- [TASK DESCRIPTION]: Repeat the listing verbatim. Drop any pictures.

- [EXERCISE DATA]:
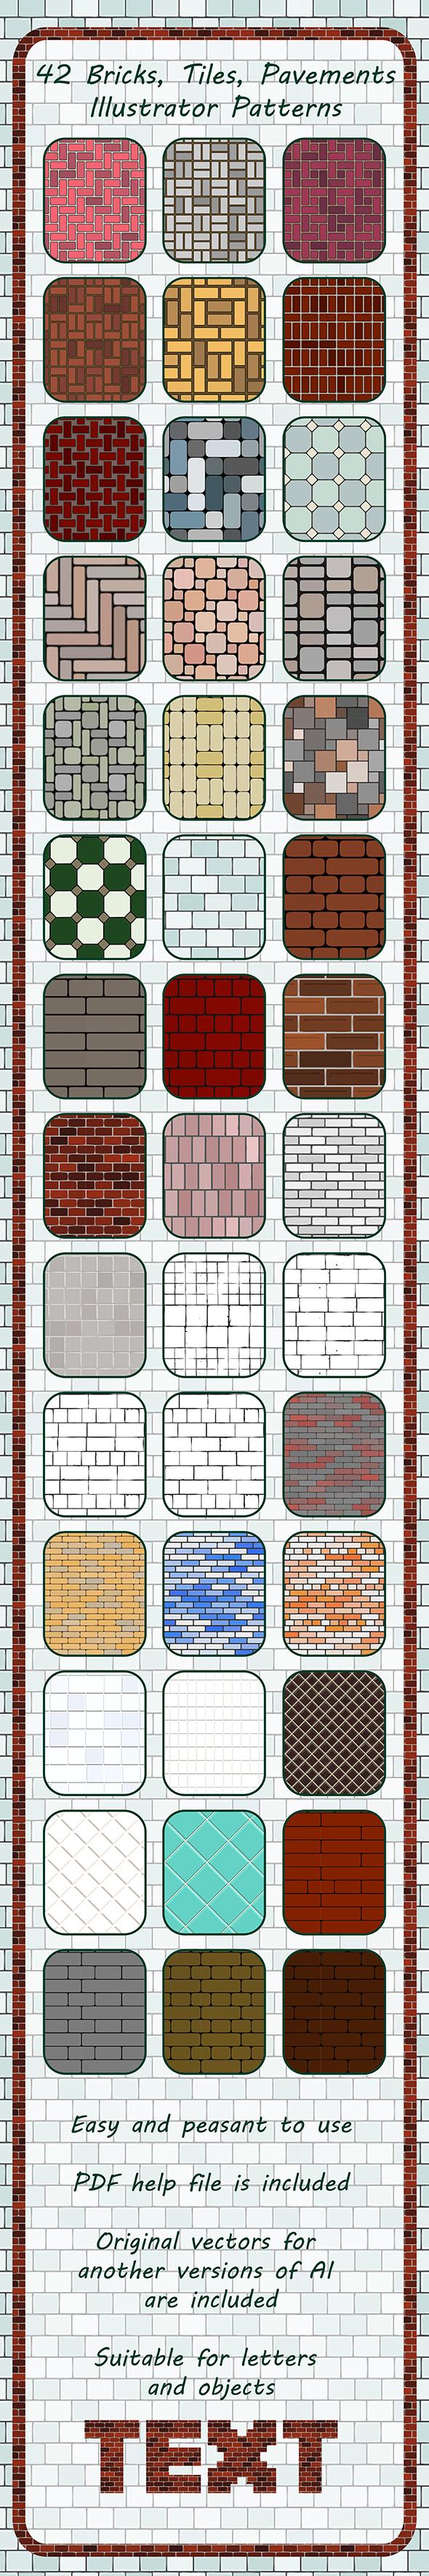 42 Bricks, Tiles, Pavements Seamless Adobe Illustrator Patterns - Miscellaneous Textures / Fills / Patterns
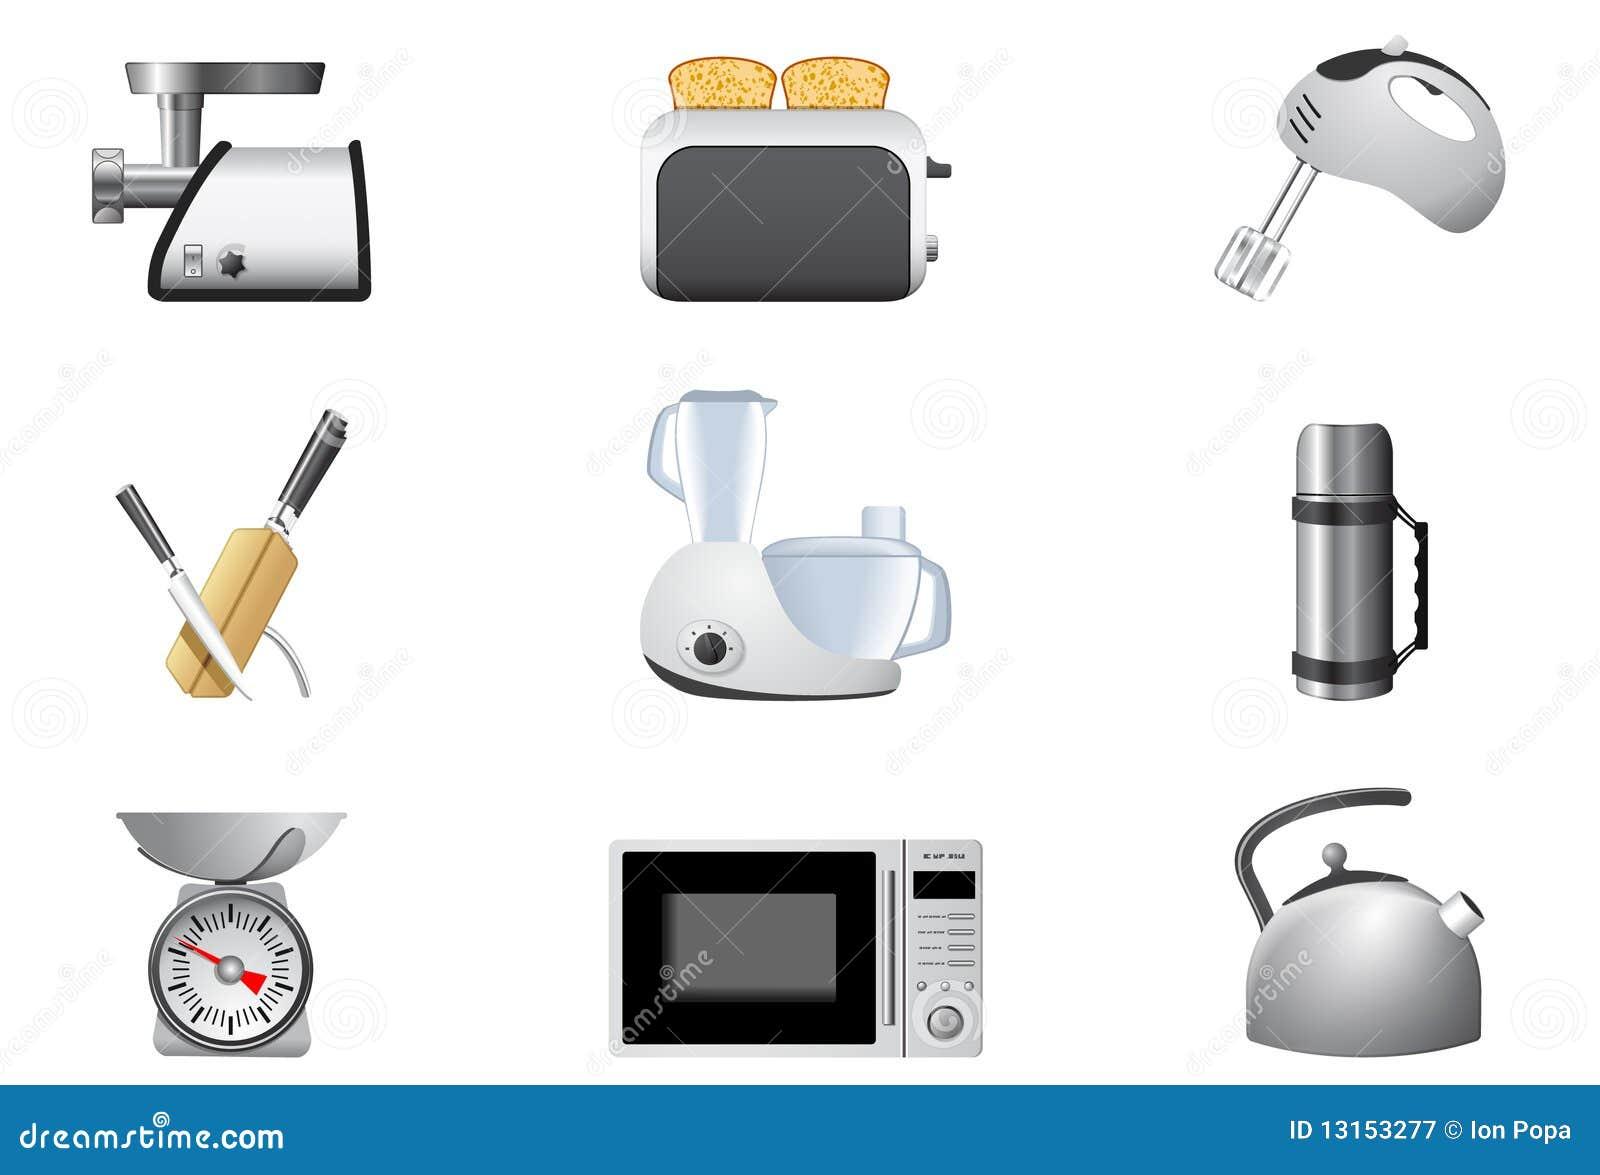 Aparatos electrodom sticos cocina fotograf a de archivo for Aparatos de cocina
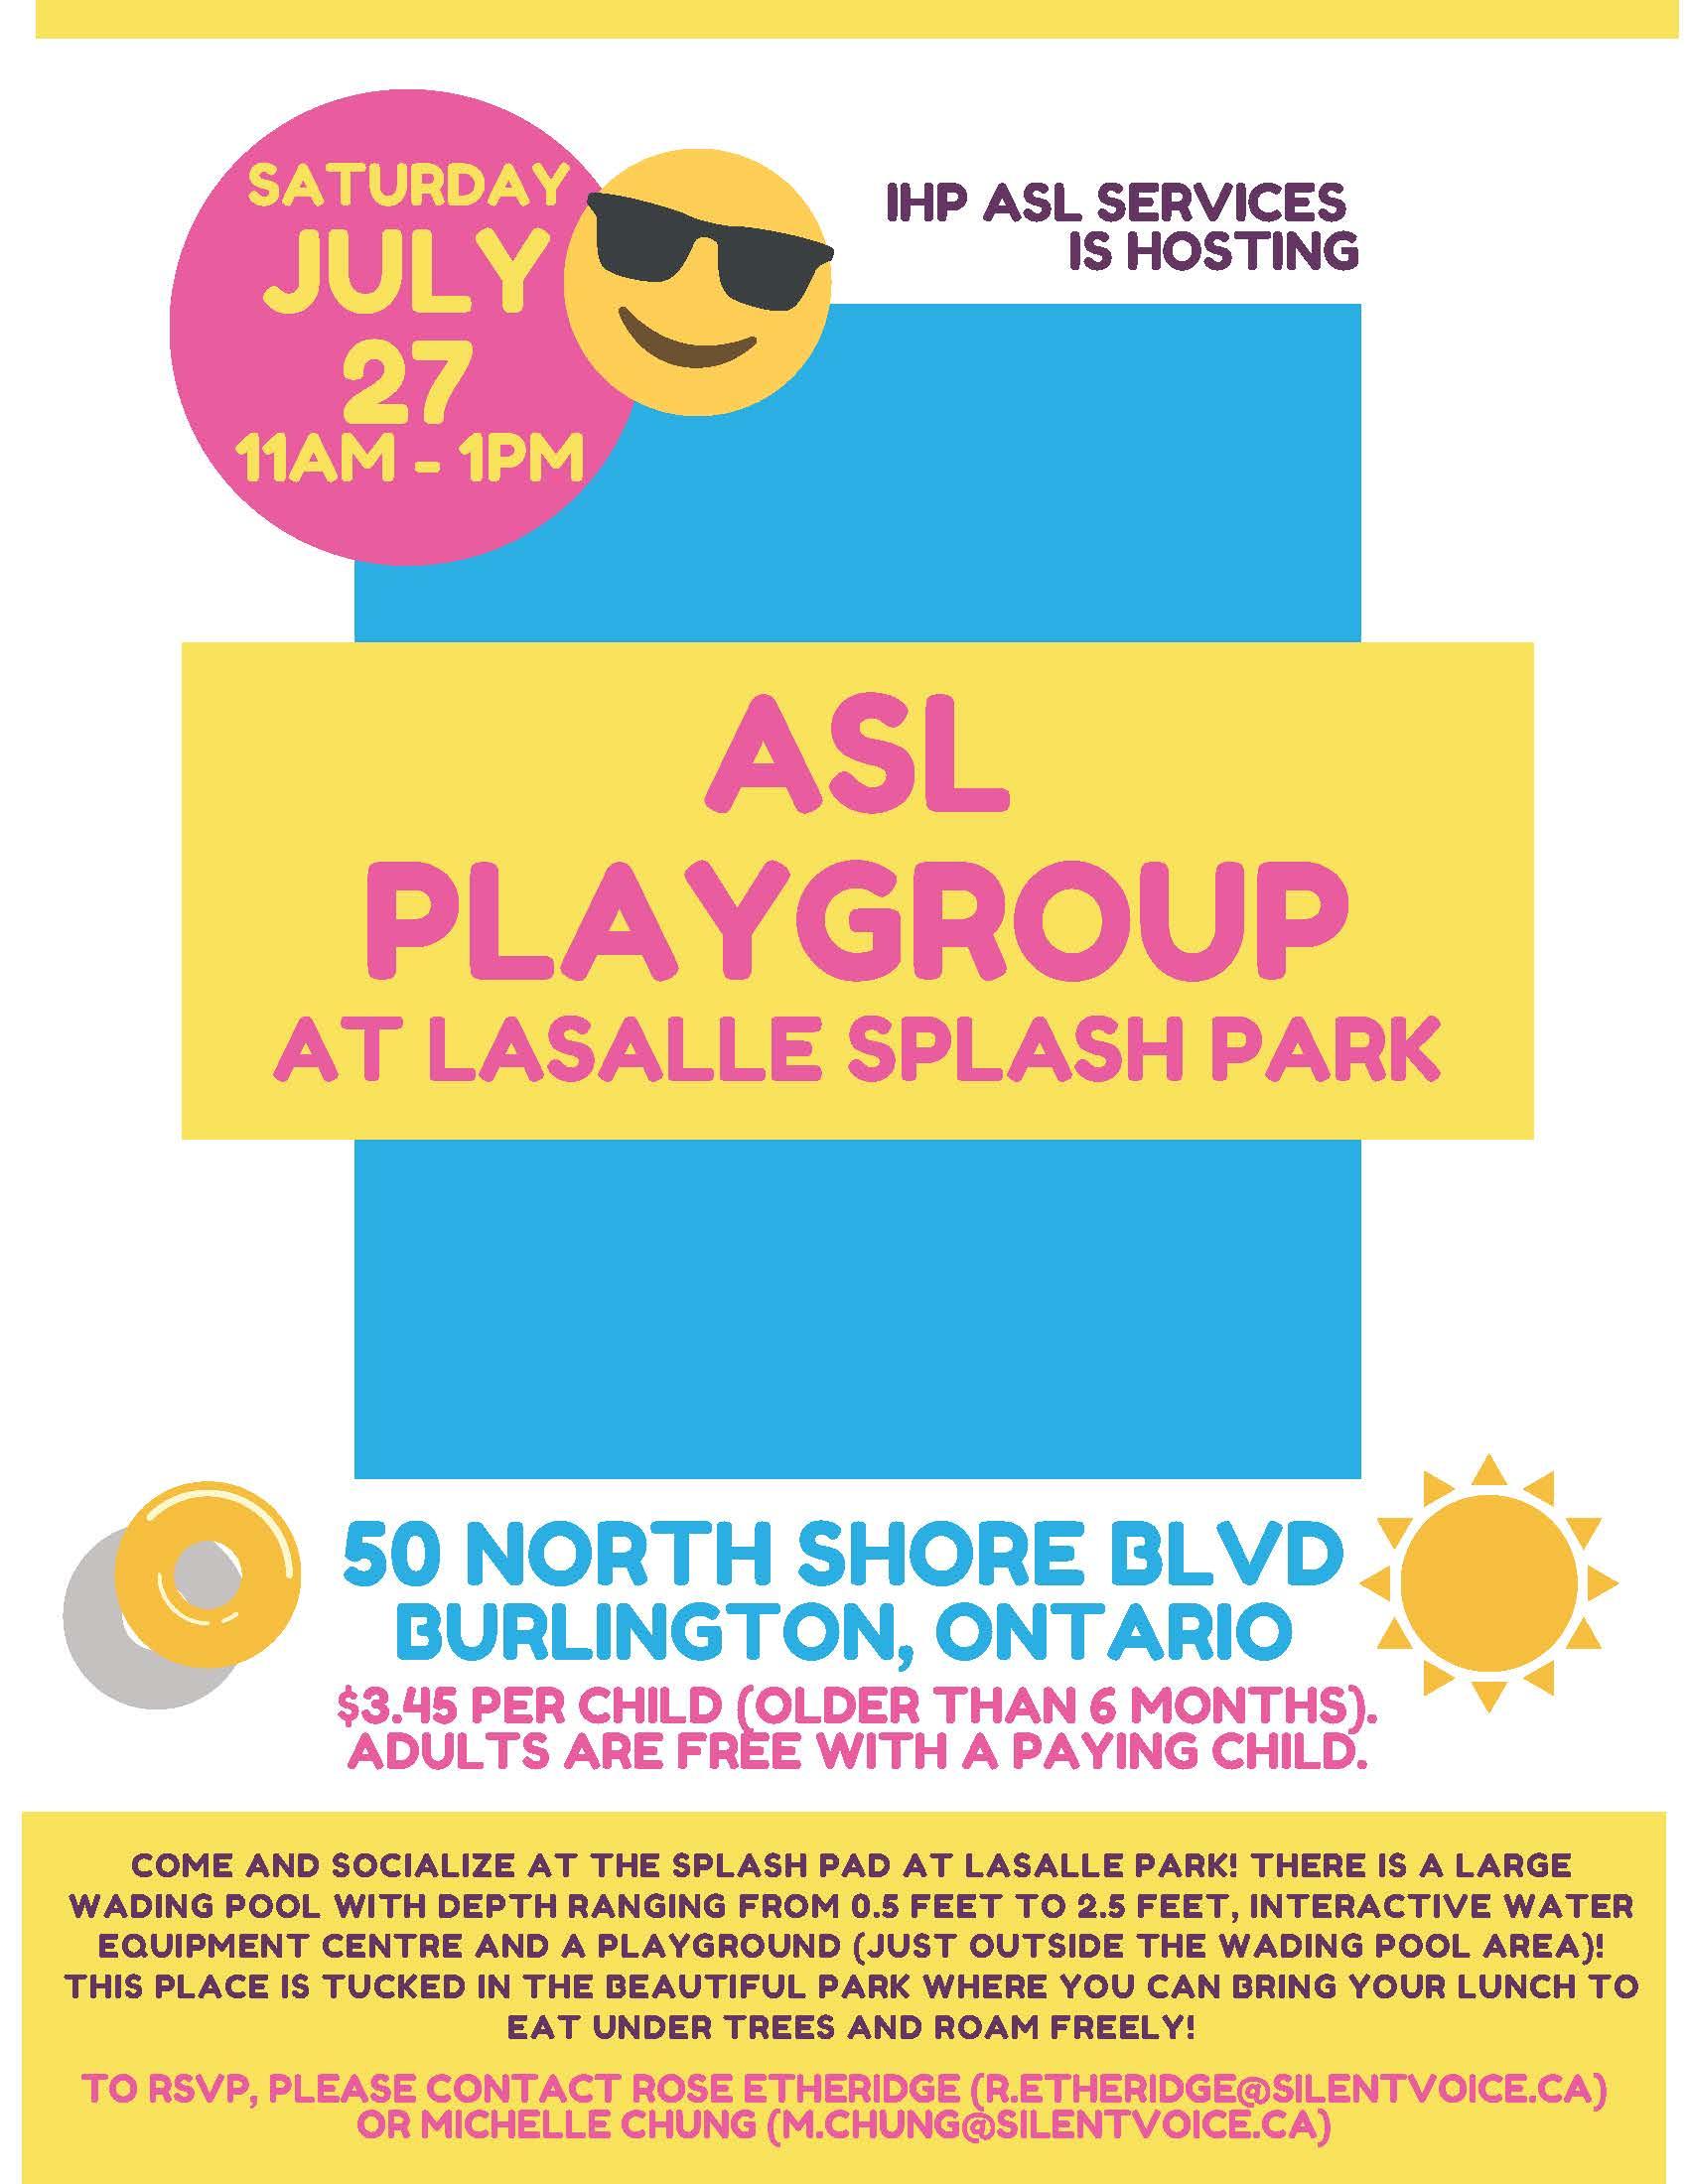 ASL Playgroup at Lasalle Splash Park - flyer
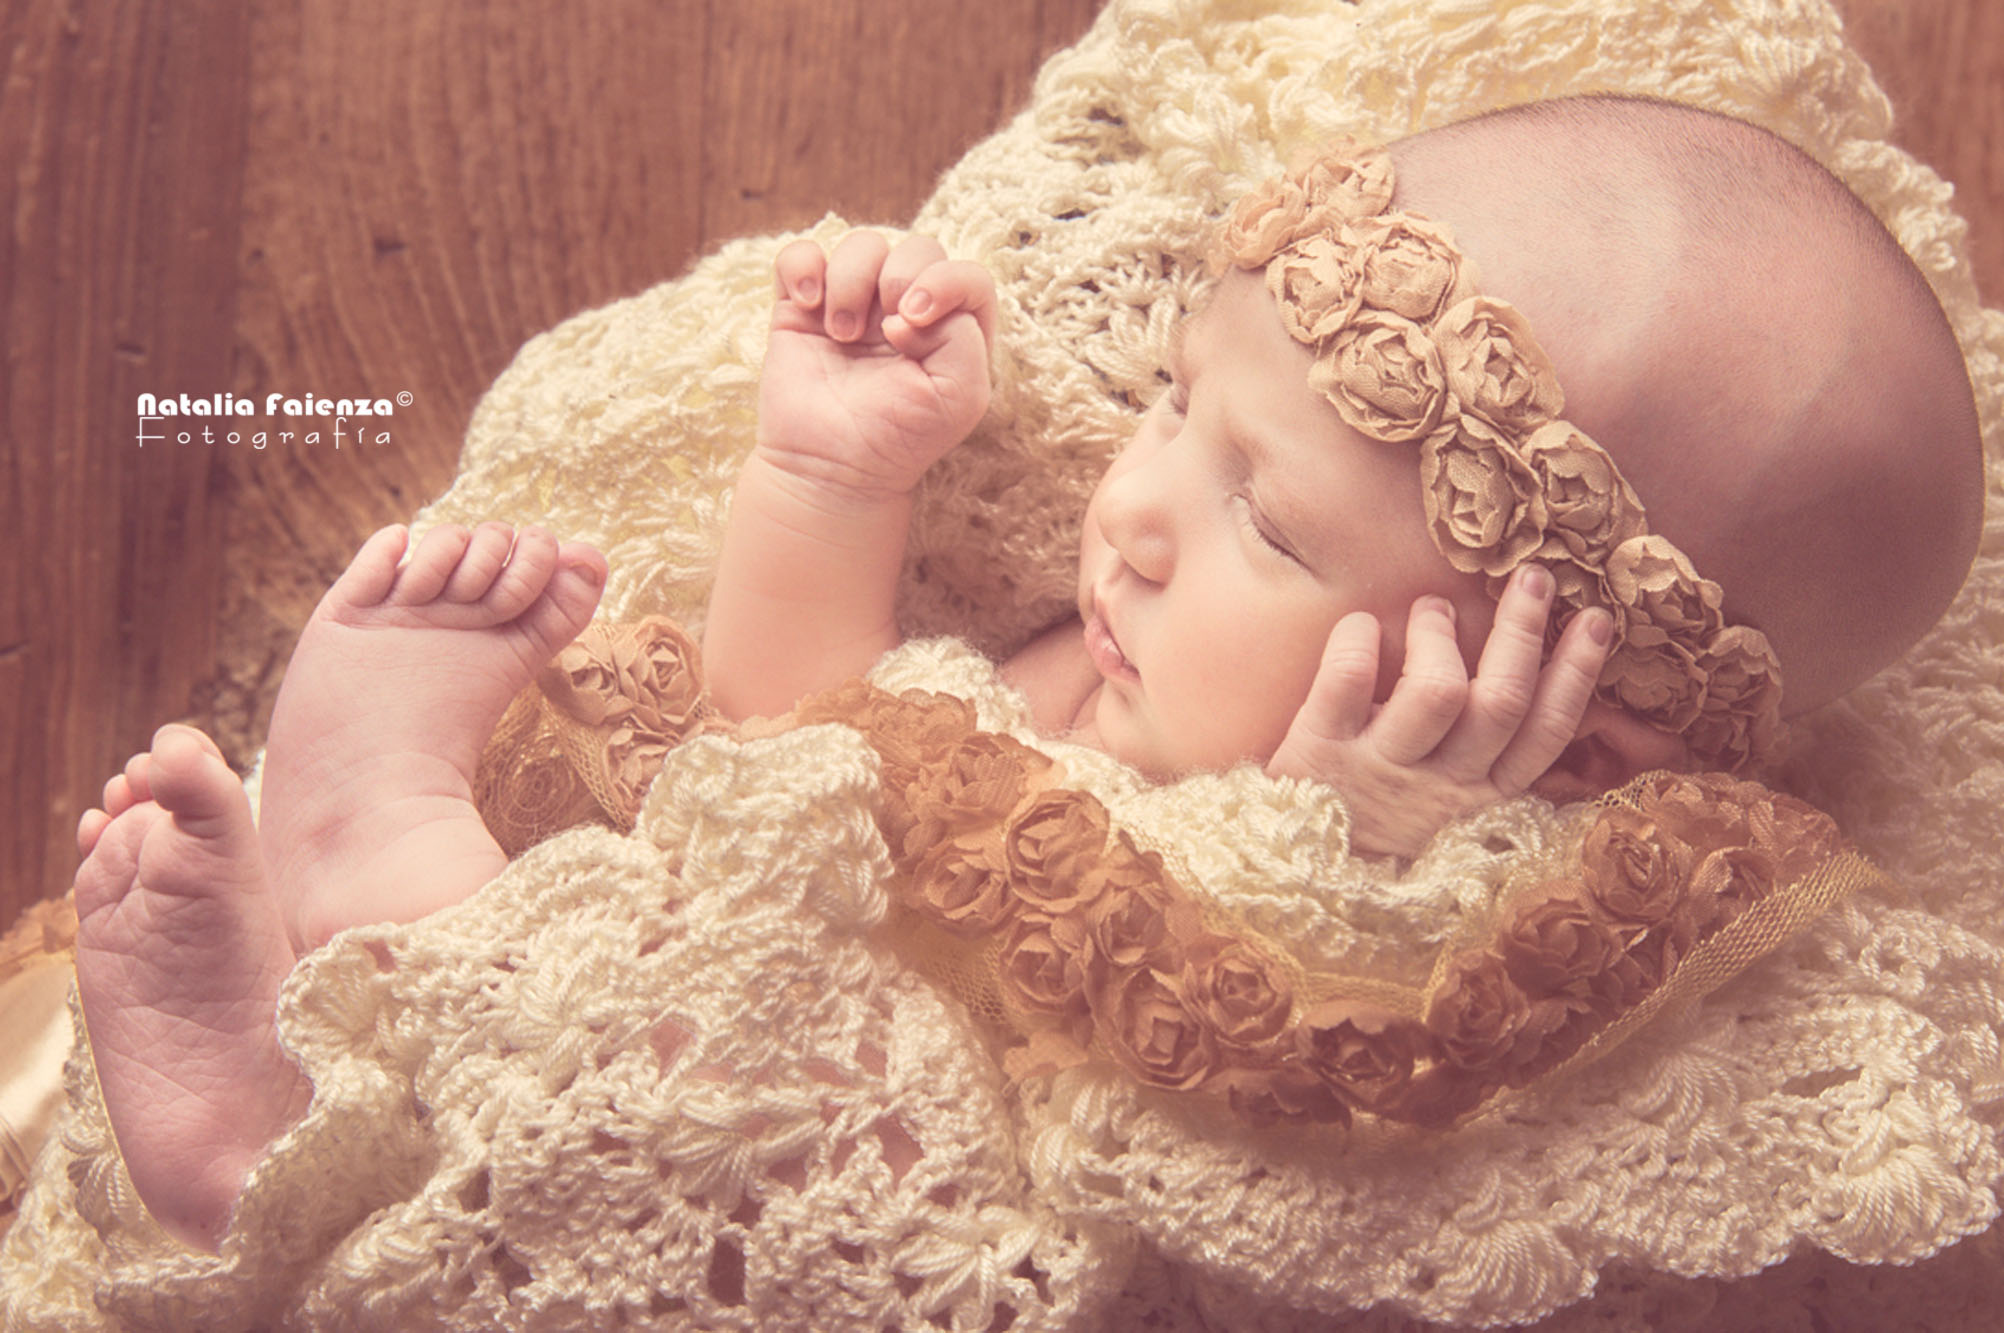 Natalia Faienza Fotografia bebes (5)

- [TASK RESPONSE]:
 42 Bricks, Tiles, Pavements Seamless Adobe Illustrator Patterns - Miscellaneous Textures / Fills / Patterns
 Aparatos electrodom sticos cocina fotograf a de archivo for Aparatos de cocina
 ASL Playgroup at Lasalle Splash Park - flyer
 Natalia Faienza Fotografia bebes (5)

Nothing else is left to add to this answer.